ビタミンEは、脂溶性のビタミンと抗酸化物質です。
天然のビタミンEには、8つの脂溶性アイソフォーム、α-、β-、γ-、およびδ-トコフェロールとα-、β-、γ-、およびδ-トコトリエノールが含まれています。
ビタミンEは、生殖系、筋肉系、循環系、神経系、免疫系の働きに必須です。ビタミンEはすべての体組織に蓄積され、肝臓に最も多く蓄積されます。
またビタミンEはあらゆる年齢の鶏にとって必須の栄養素であり、ビタミンEの欠乏はいくつかの障害を引き起こします。
●脳軟化症
脳軟化症は、脳の局所的な軟化の結果として、ニワトリの脳に永続的な組織損傷を引き起こす重篤な疾患です。
この型のビタミンE欠乏症は、高レベルのリノール酸系多価不飽和脂肪酸(多くの食用油に見られるような)と低レベルのビタミンEであるコハク酸ジラウリルを含む飼料を与えられているニワトリで最も頻繁に起こり、ニワトリで脳軟化症を誘発することが報告されています。
●滲出性素因(ED)
EDはニワトリのセレン欠乏の結果として発生し、主に毛細血管壁に影響を与えます。
観察される臨床徴候には、浮腫および出血に加えて、ニワトリの体の局部の皮膚の緑がかった青色の変色があり、しばしば弓なりの脚の姿勢および咽喉係止部の垂れ下がった嗉嚢(そのう)がみられます。
●栄養性筋ジストロフィー
栄養性筋ジストロフィーは、白筋病または栄養性ミオパシーとしても知られ、主にニワトリの横紋筋に影響を及ぼす疾患です。

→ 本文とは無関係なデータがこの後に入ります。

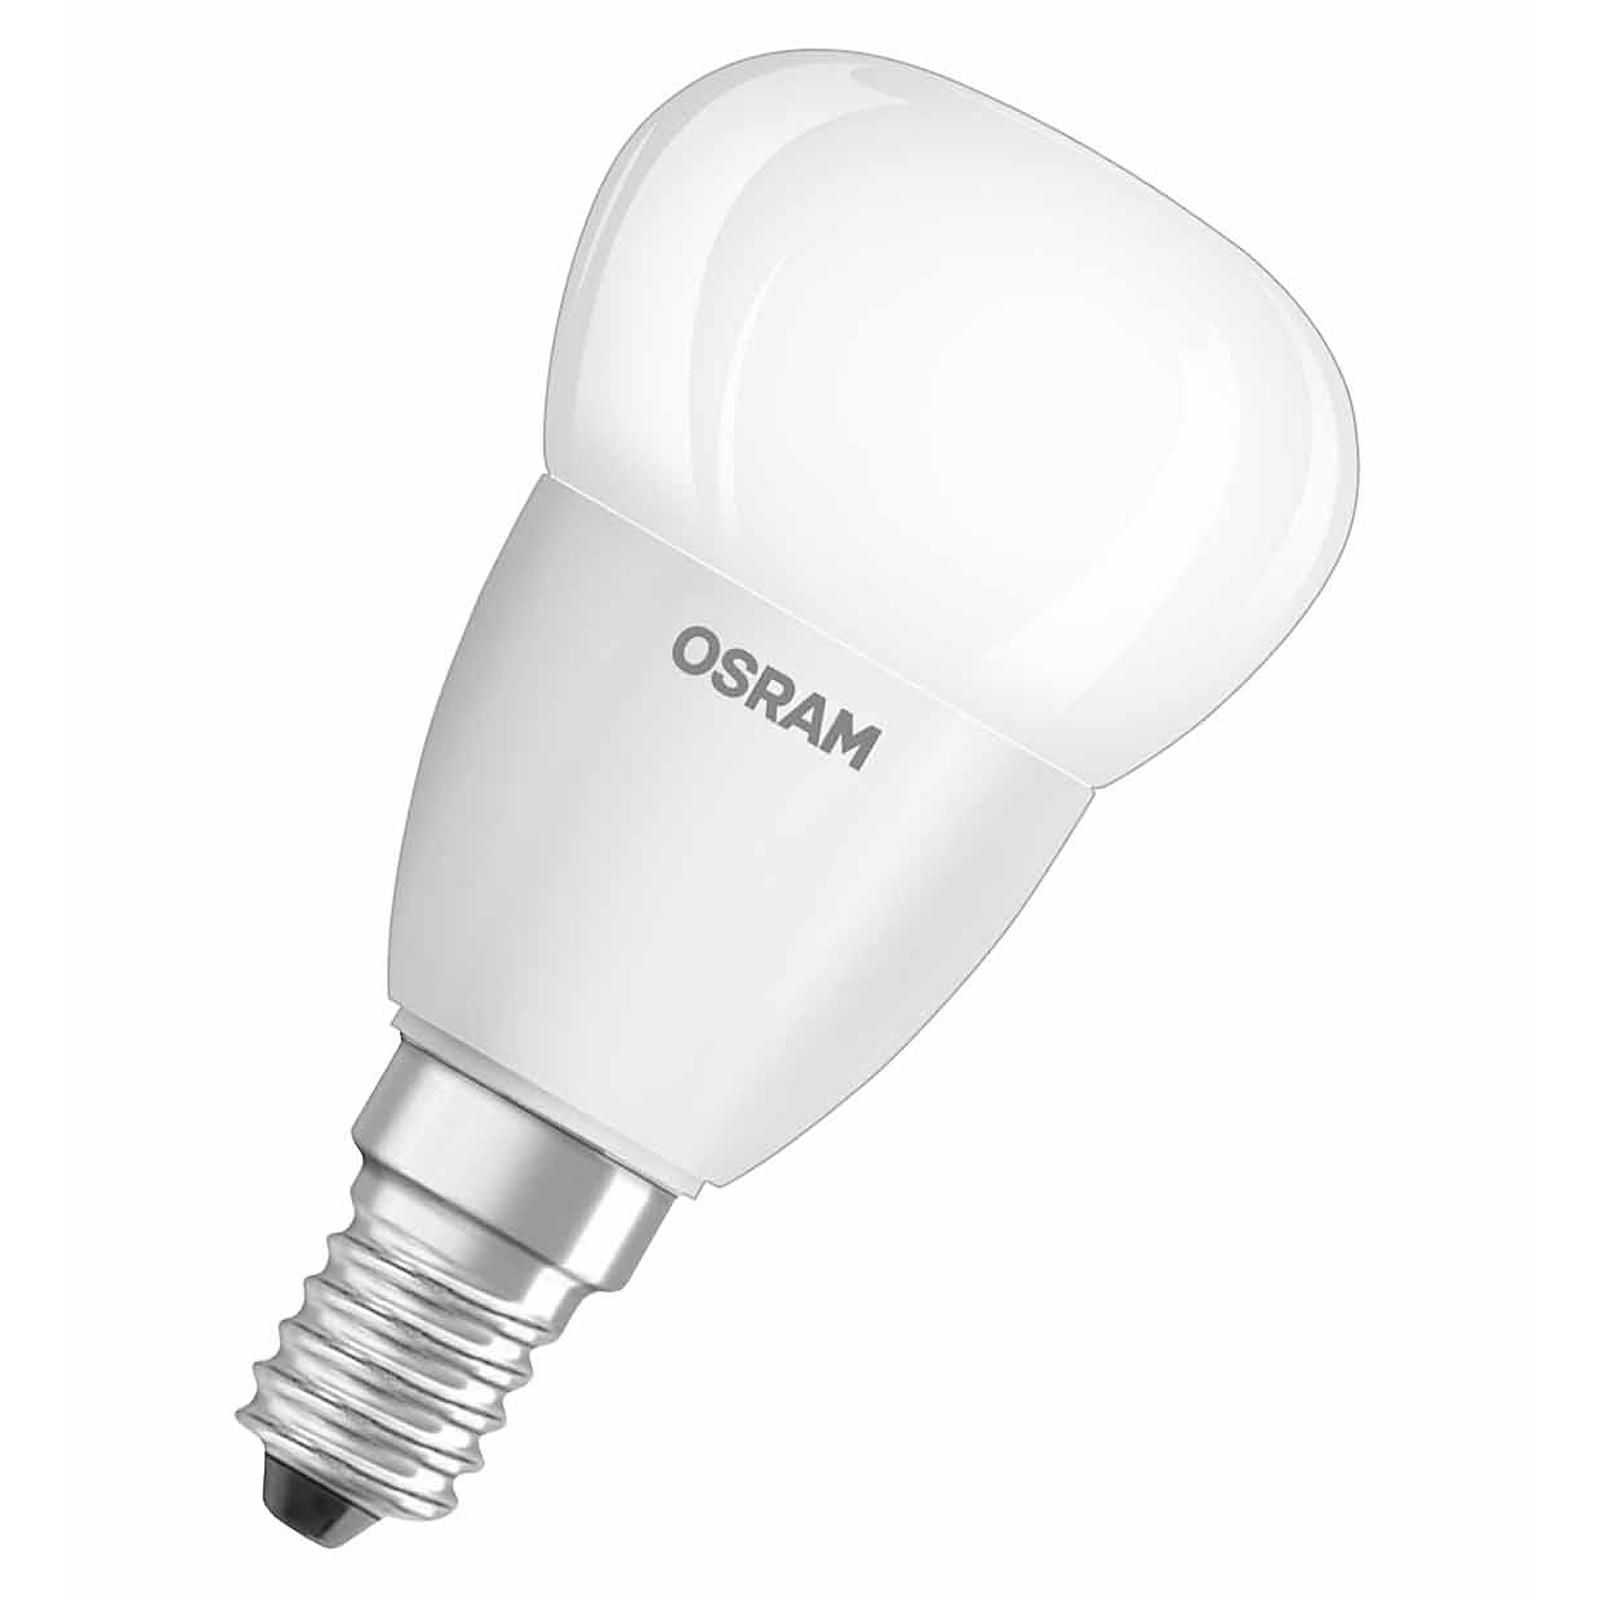 osram led star classic p 40 e14 5 7 watt ersatz f r 40 watt 470 lumen warmwei 4052899911932. Black Bedroom Furniture Sets. Home Design Ideas

栄養性筋ジストロフィーは、運動を制御する筋肉の進行性の衰弱と変性を伴います。罹患したひよこは、しばしば立ったり歩いたりすることができず、地面に足を横に広げて見られます。
鶏のビタミンEに関する推奨事項
家禽の栄養所要量で推奨されているビタミンEのレベルは非常に低く、ブロイラーと産卵鶏の生産性の向上にのみ基づいて決定され、免疫の強化や長期的な健康に関連するものではありません。 最新の調査研究に基づいて、さまざまな成長段階の鶏に推奨されるビタミンEは次のとおりです。
●初生雛(0-10週間)
50-100IU/kg
●若鶏(10-20週間)
30-35IU/kg
●産卵鶏(積極的に産卵する)
20-30IU/kg
●ブリーダー(20週間以上)*
50-100IU/kg
●ブロイラー/「肉鶏」品種の雛(0-18週)
80-100IU/kg
●ブロイラー/「肉鶏」品種*(19週間以上)
100-150IU/kg
臨床兆候
●運動失調
●斜頸
●筋肉のけいれん
●緑がかった青色の皮膚変色
●浮腫
●垂れ下がったそのう
●立ったり歩いたりすることができない
●O脚姿勢
●伸ばした足(足を突っ張る)
●産卵低下
●虚脱
●足でペダルを漕ぐような動作
●産卵低下
●卵質不良
●出生率の低下
治療
●支持療法
鳥を群れから隔離し、安全で快適で暖かい場所に置き、ストレスのない生活をさせます。
●ビタミンEサプリメント
筋肉内投与(0.06mg/kg、7日間ごと)または経口投与(15mg/kg・単回、食餌なし)
予防
●ビタミンEと無機セレンを含む適切な栄養補助食品でバランスのとれた食餌を与えましょう。
●気密性容器に適切に保存された生後2週間以内の新鮮な飼料のみを用いる。
●有効期限を過ぎたビタミンを与えてはいけません。
●育成用飼料及びビタミンサプリを飼育するニワトリに与える。